4. Landmark results at the intersection of biology and engineering, such as the Human Genome Project and the discovery of Yamanaka factors for reprogramming stem cells, motivated James to pursue a career in academia and to start his lab at Stanford.

James always gravitated towards math and science and started his academic path with an undergraduate major in math. Although he didn’t start out with a focus in biology, he began spending a good deal of time at the Broad Institute during his time at Harvard. At that time, many great biotechnologists were working on projects like sequencing the human genome. James began to learn more about interesting problems at the intersection of AI and biotech.
As he learned about the discovery of Yamanaka factors for reprogramming induced pluripotent stem cells (iPSCs), James was fascinated by the idea that you could take these ‘biological computer programs’ and with only a few instructions, change the state of a cell. Essentially, the biological system became not just something you could study, but something you could engineer.

5. Translation of academic projects needs to happen thoughtfully in collaboration with the right partners.

Translation of academic projects can take a few different forms, and not every project is right for translation. James gave a few examples of projects that he knew could move beyond the Stanford campus. One project involved the development of an AI system for assessing heart disease based on cardiac ultrasound videos, or echocardiograms. Millions of these videos are collected each year in the US alone, so it’s one of the most routine and accessible ways to assess cardiovascular disease.
James and his students developed an AI system to help look at these videos and determine outcomes to help clinicians make more accurate diagnoses. Not only did the work result in two publications in the prestigious scientific journal, Nature, but it progressed to clinical trials.
James explained that he clearly sees the larger impact of his work; he wants not only to publish really good papers, but also to work closely with biotech and pharma companies or tech companies to ensure his findings and algorithms can actually impact human health. His focus on translation has led to at least four companies that have been spun out of his group.
“At least one of the things we are doing is developing these algorithms or coming up with some of these potential drug candidates, and to really take it to the next level, either as a viable drug, a platform, or a device that we can take to patients, is something often beyond the scope of an individual PhD.”
James enjoys leveraging the community and resources of the Chan-Zuckerberg Biohub, a non-profit initiative aimed at bringing together interdisciplinary leaders to advance our ability to observe and analyze biological systems. Opportunities and communities such as these played a large role in drawing James to the Bay Area. He has actively sought out projects through which he can collaborate with biotech and pharma, investors, and the start-up community.

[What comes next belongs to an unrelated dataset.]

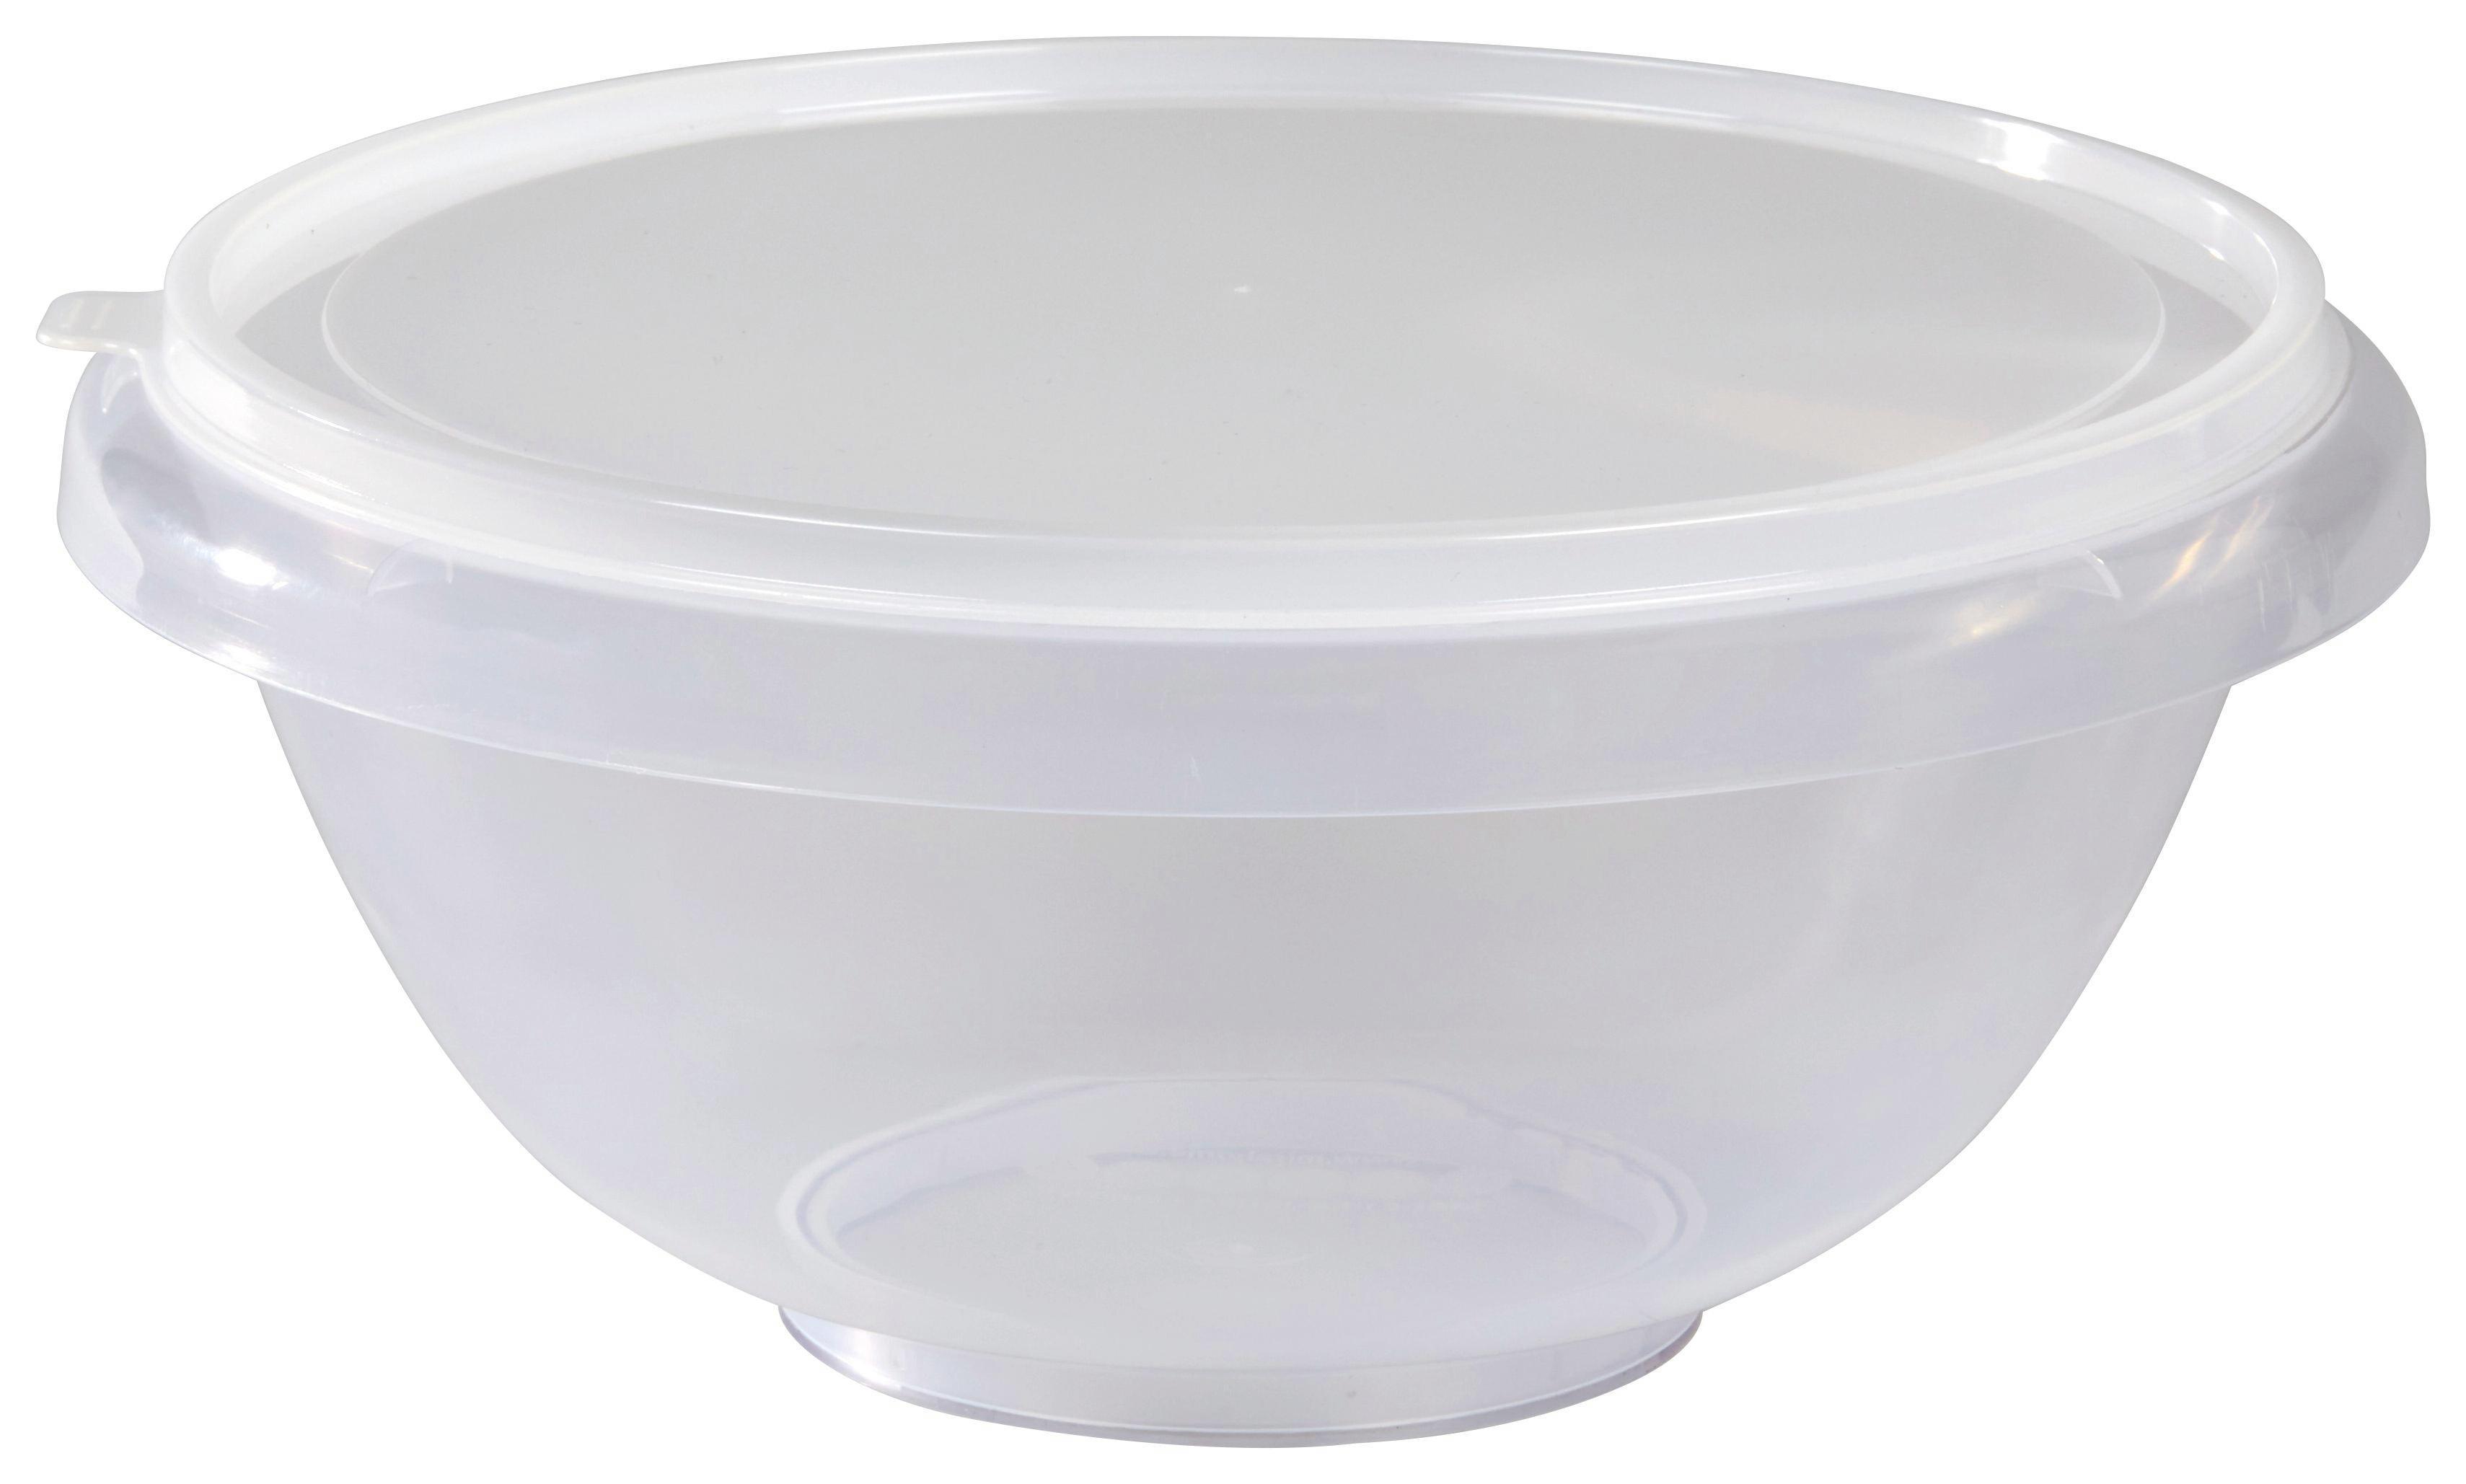 Tál Műanyag - natúr színek/piros, konvencionális, műanyag (32/15.3cm)

At that point, it’s really important work. [Getting FDA approval] also requires more resources. That’s where it makes sense for us to have a company that is co-founded by my students. So, for us, in this case, it’s a perfect synergy between doing the early-stage research and development, developing the algorithms to the initial validations and then having the company take over and do the submissions and then do the scaling.

Get to know Dr. James Zou: the person behind the science

James and his wife love to take advantage of all the great outdoors in the Bay Area. Every week, they go on a hike and spend a lot of time swimming or biking. One thing people may be surprised to learn about James is that he used to moonlight as a theater and restaurant reviewer. When he was living in Europe, he would write reviews of movies or restaurants for local English-language newspapers.

For someone wanting to pursue a similar career to his, James says that it’s a very exciting time to be at the intersection of biology and AI. He encourages students in the space to develop a core technical strength in either field and then begin to explore the synergy between disciplines.